Saying he didn't want to hurt the California agriculture industry, Gov. Arnold Schwarzenegger vetoed a bill that would have given farmworkers the same right to overtime pay enjoyed by other hourly workers in the nation's largest farm state. In his veto message the Republican governor said, "applying the eight-hour day to agriculture would be burdensome to business and reverse longstanding labor practices," Marc Lifsher of the Los Angeles Times reports. The bill would have made California the first state to recognize overtime rights for farmworkers.
As recently as 1999, state lawmakers approved a bill that specifically exempted farmworkers from the eight-hour day, Schwarzenegger said, "recognizing that agricultural work is different from other industries: it is seasonal, subject to unpredictability of Mother Nature and requires the harvesting of perishable goods." Both giant agribusinesses and organic-farm owners had used similar arguments against the bill. Agriculture lobbyists said payroll costs would rise by at least 10 percent if overtime were added after eight hours.

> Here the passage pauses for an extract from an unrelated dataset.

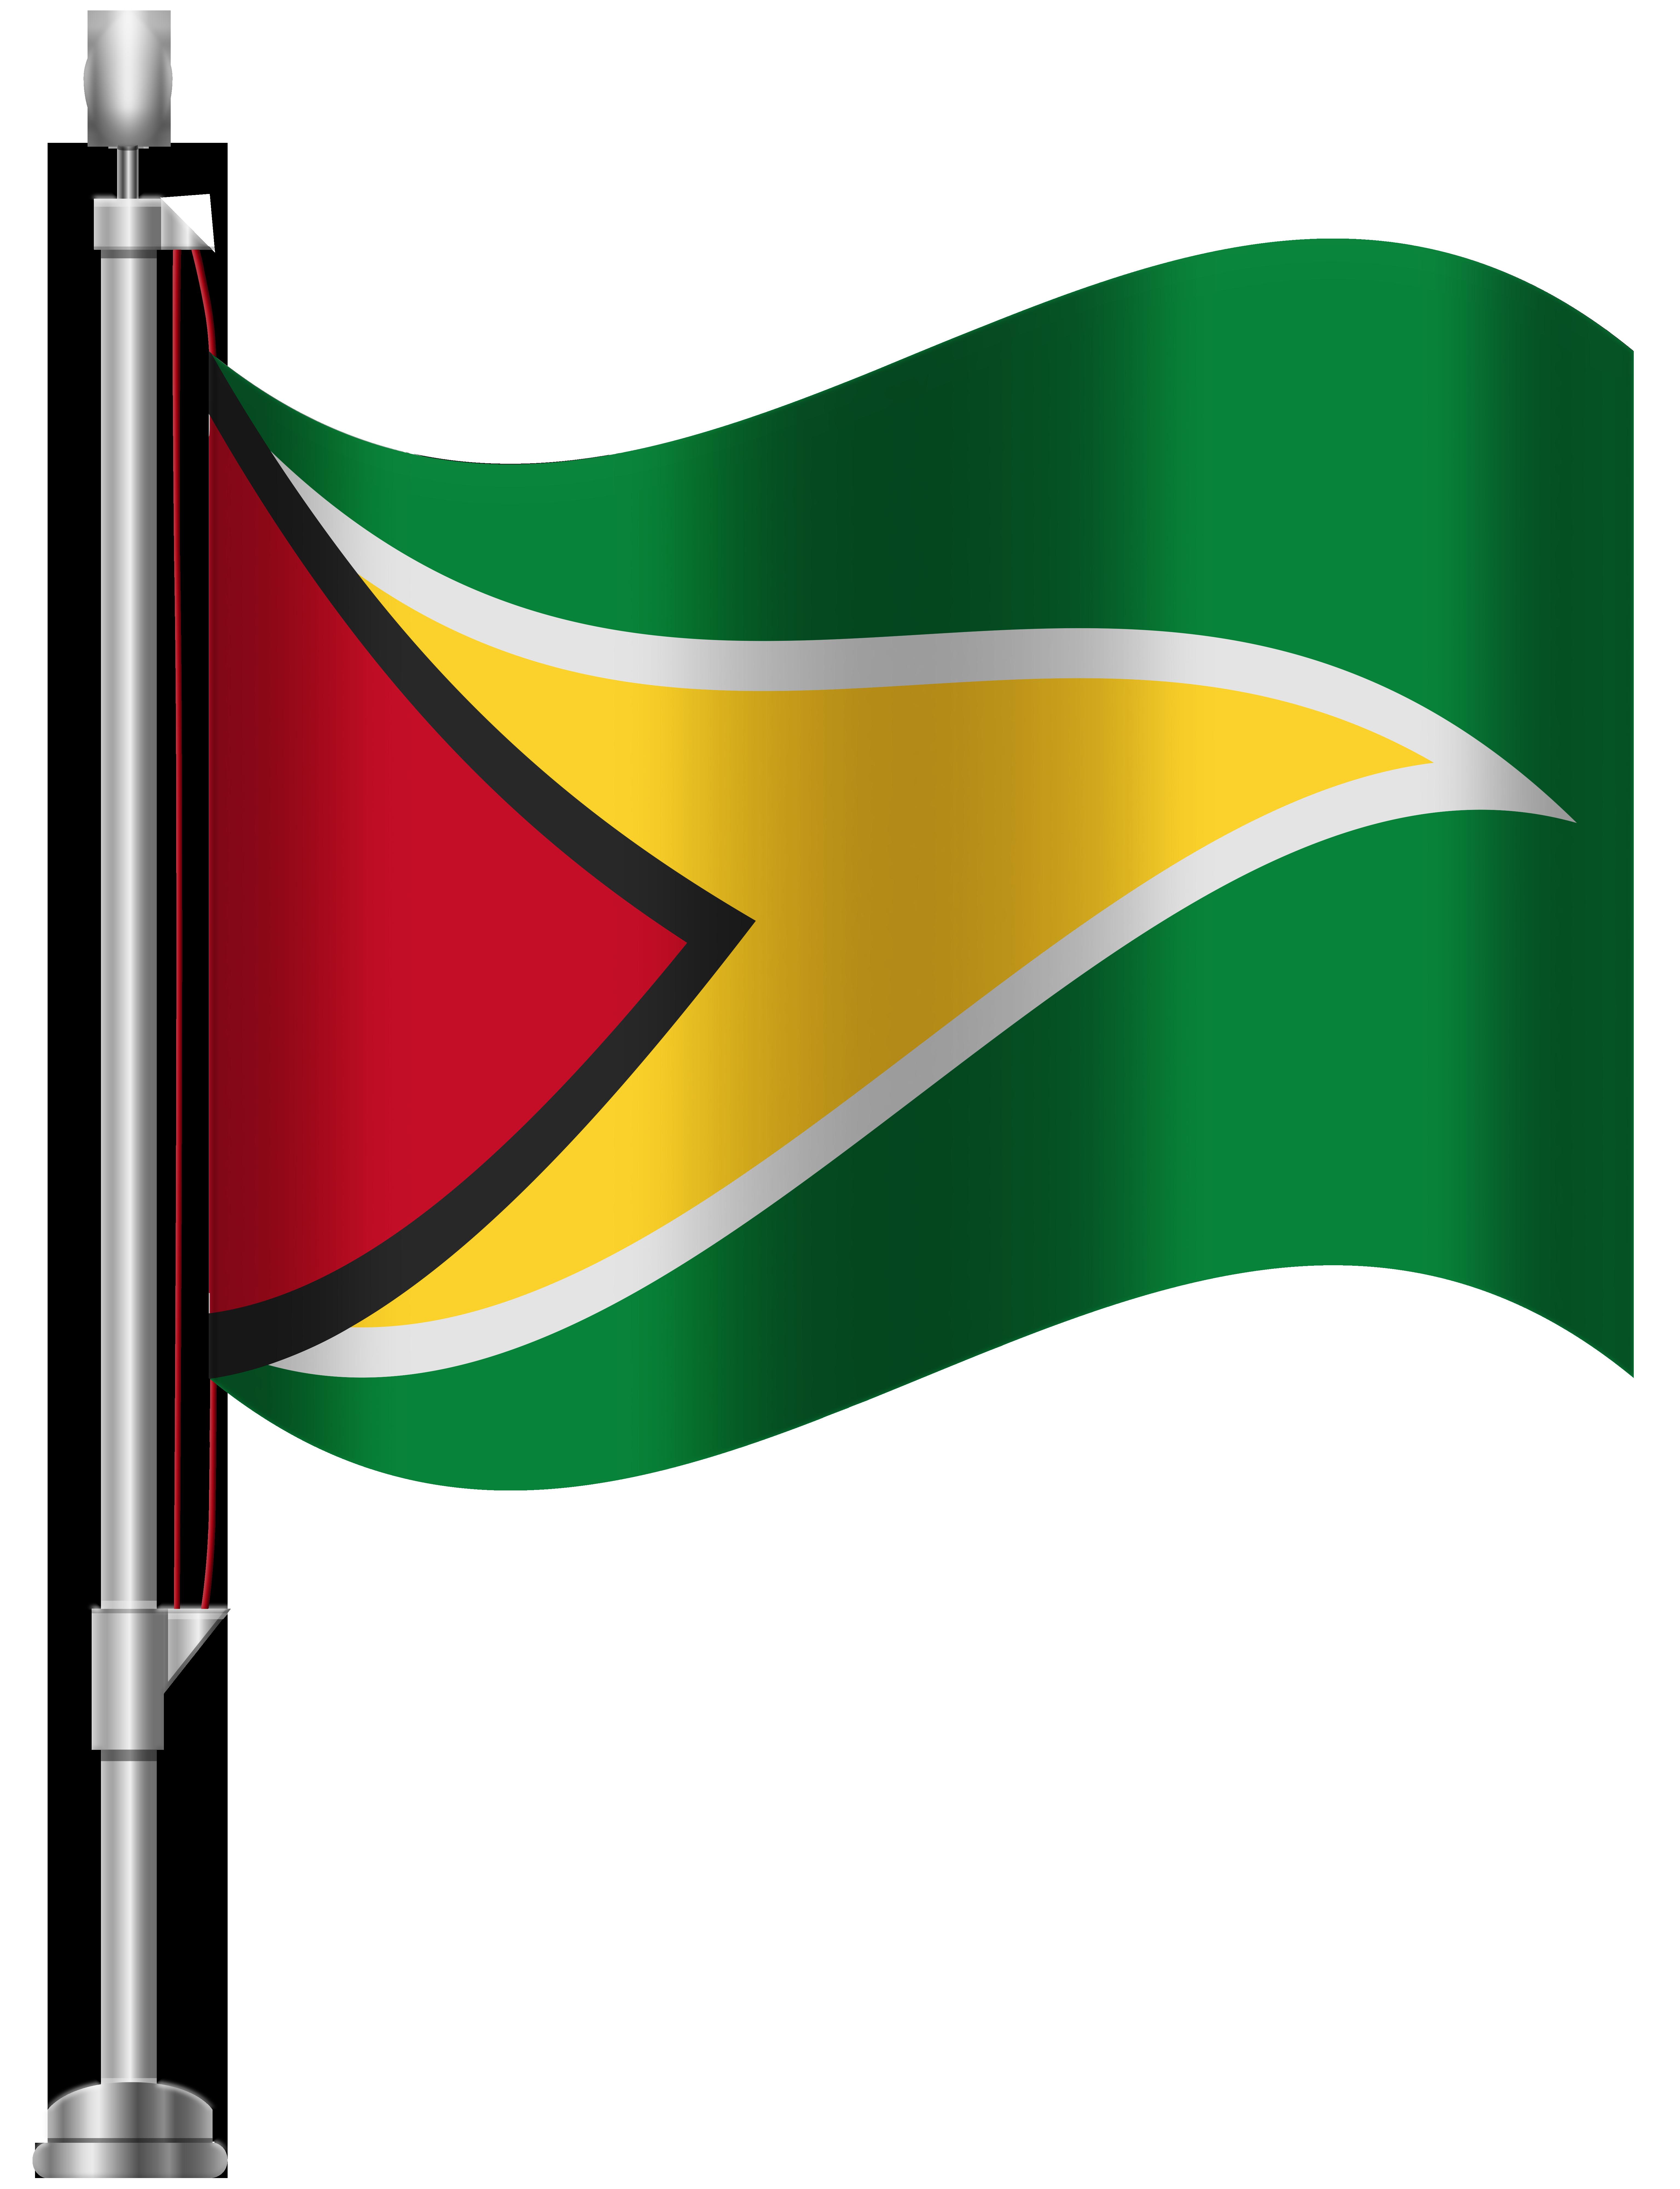 Flag clipart green. Guyana png clip art

The bill's supporters said it was wrong to treat farmworkers differently than other employees. "The governor's decision is a blow to fairness and justice. We will have to wait for a new governor to right this wrong," Democratic state Sen. Darrell Steinberg told Lifsher, referring to the end of Schwarzenegger's term in January. Democratic Senate Majority Leader Dean Florez accused the governor of "turning his back on history" by choosing "to continue the second-class treatment of the men and women who toil in the fields, their backbreaking labor at the core of a more than $30-billion-a-year agricultural industry." (Read more)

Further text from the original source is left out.